定期借地権には「更新」という概念がありません。 借地人が更新したいといっても、更新はできず、契約期間が満了したら土地は地主に返さなければいけない点が最大の特徴です。
仮に、引き続き土地を利用したい場合には、地主の合意を得て「再契約」を行います。 再契約とは新規の契約であり、地主の合意が得られなければ再契約はできないことになります。
1-2.定期借地権の種類
定期借地権には、「一般定期借地権」と「建物譲渡特約付借地権」、「事業用定期借地権」の3種類があります。

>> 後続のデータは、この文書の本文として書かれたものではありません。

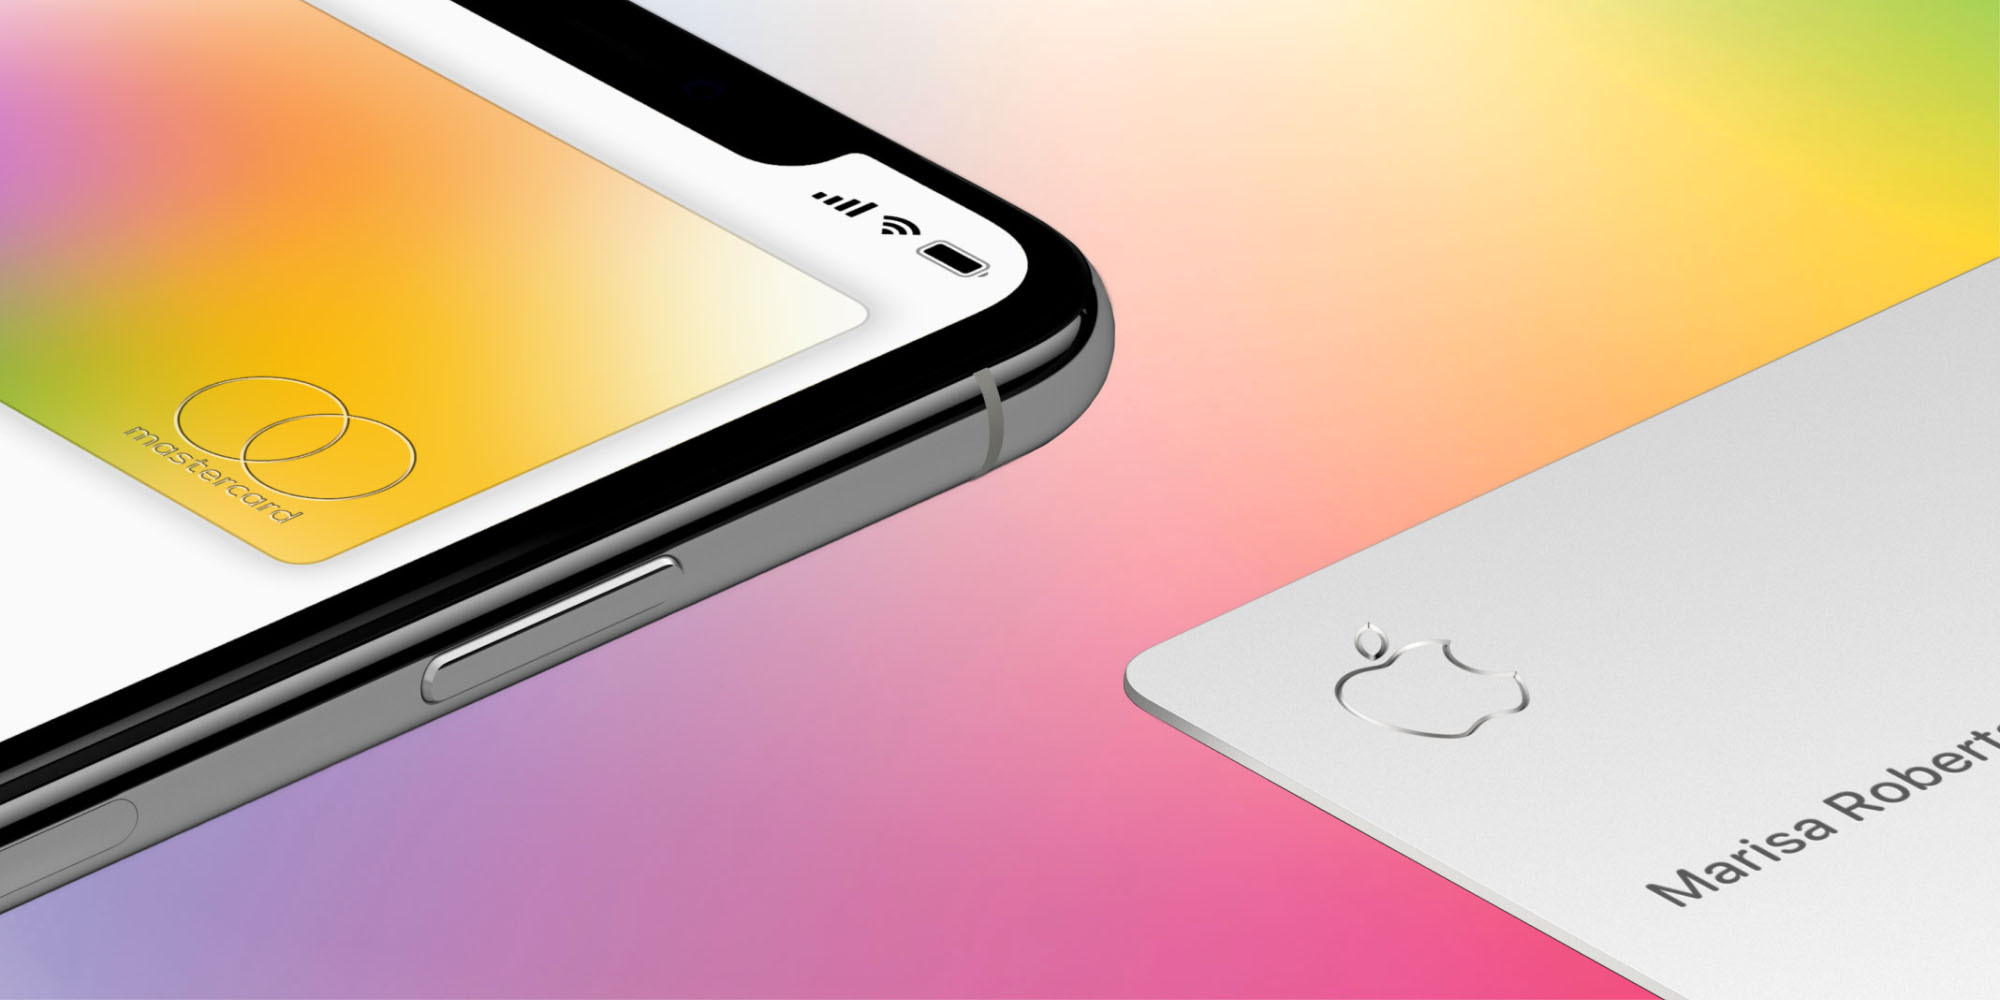 Is the Apple Card worth it? Hereâs what you need to know

普通借地権および3種類の定期借地権の特徴をまとめると下表の通りです。
普通借地権 | 一般 定期借地権 |
建物譲渡 特約付借地権 |
事業用 定期借地権 |
|
---|---|---|---|---|
存続期間 | 30年以上 | 50年以上 | 30年以上 | 10年以上50年未満 |
更新後の期間 | 1回目20年 2回目以降10年 |
なし | なし | なし |
利用目的 | 制限なし | 制限なし | 制限なし | 事業用に限る (居住用は不可) |
契約書式 | 規定なし | 公正証書等の 書面により契約 |
規定なし | 必ず公正証書で 契約する |
借地関係の終了 | 正当事由 | 期間満了 | 建物譲渡 | 期間満了 |
建物買取請求権 | あり | 特約で排除可能 | あり | 存続期間が 30年以上50年未満 の場合特約で排除可能 |
(1)一般定期借地権
一般定期借地権とは、定期借地権のうち、建物譲渡特約付借地権または事業用定期借地権以外の借地権のことです。
一般定期借地権は、建物の用途の制限がないことが特徴となります。 マンションや老人ホーム等の居住用や、店舗や病院等の事業用等、建物の用途は何でもよく、定期借地権付きマンションでは一般定期借地権が用いられることが通常です。
一般定期借地権には借地契約の最低期間が定められており、「50年以上」となっています。
(2)建物譲渡特約付借地権
建物譲渡特約付借地権とは、借地権設定後30年以上経過した日に地主が借地上の建物を買い取ることで借地契約が終了する借地権のことです。 地主が建物を買えば借地契約が確定的に終了するため、定期借地権の一つとされています。
建物譲渡特約付借地権も借地上の建物の用途に制限はなく、借地契約の最低期間は「30年以上」です。
建物譲渡特約付借地権は制度としては存在しますが、利用されるケースが少ない定期借地権となっています。 理由としては、築30年以上の古い建物を地主がわざわざ買い取るメリットがないからです。
(3)事業用定期借地権
事業用定期借地権とは、借地上の建物用途がもっぱら事業の用に供する建物(居住用を除く)に限定された定期借地権です。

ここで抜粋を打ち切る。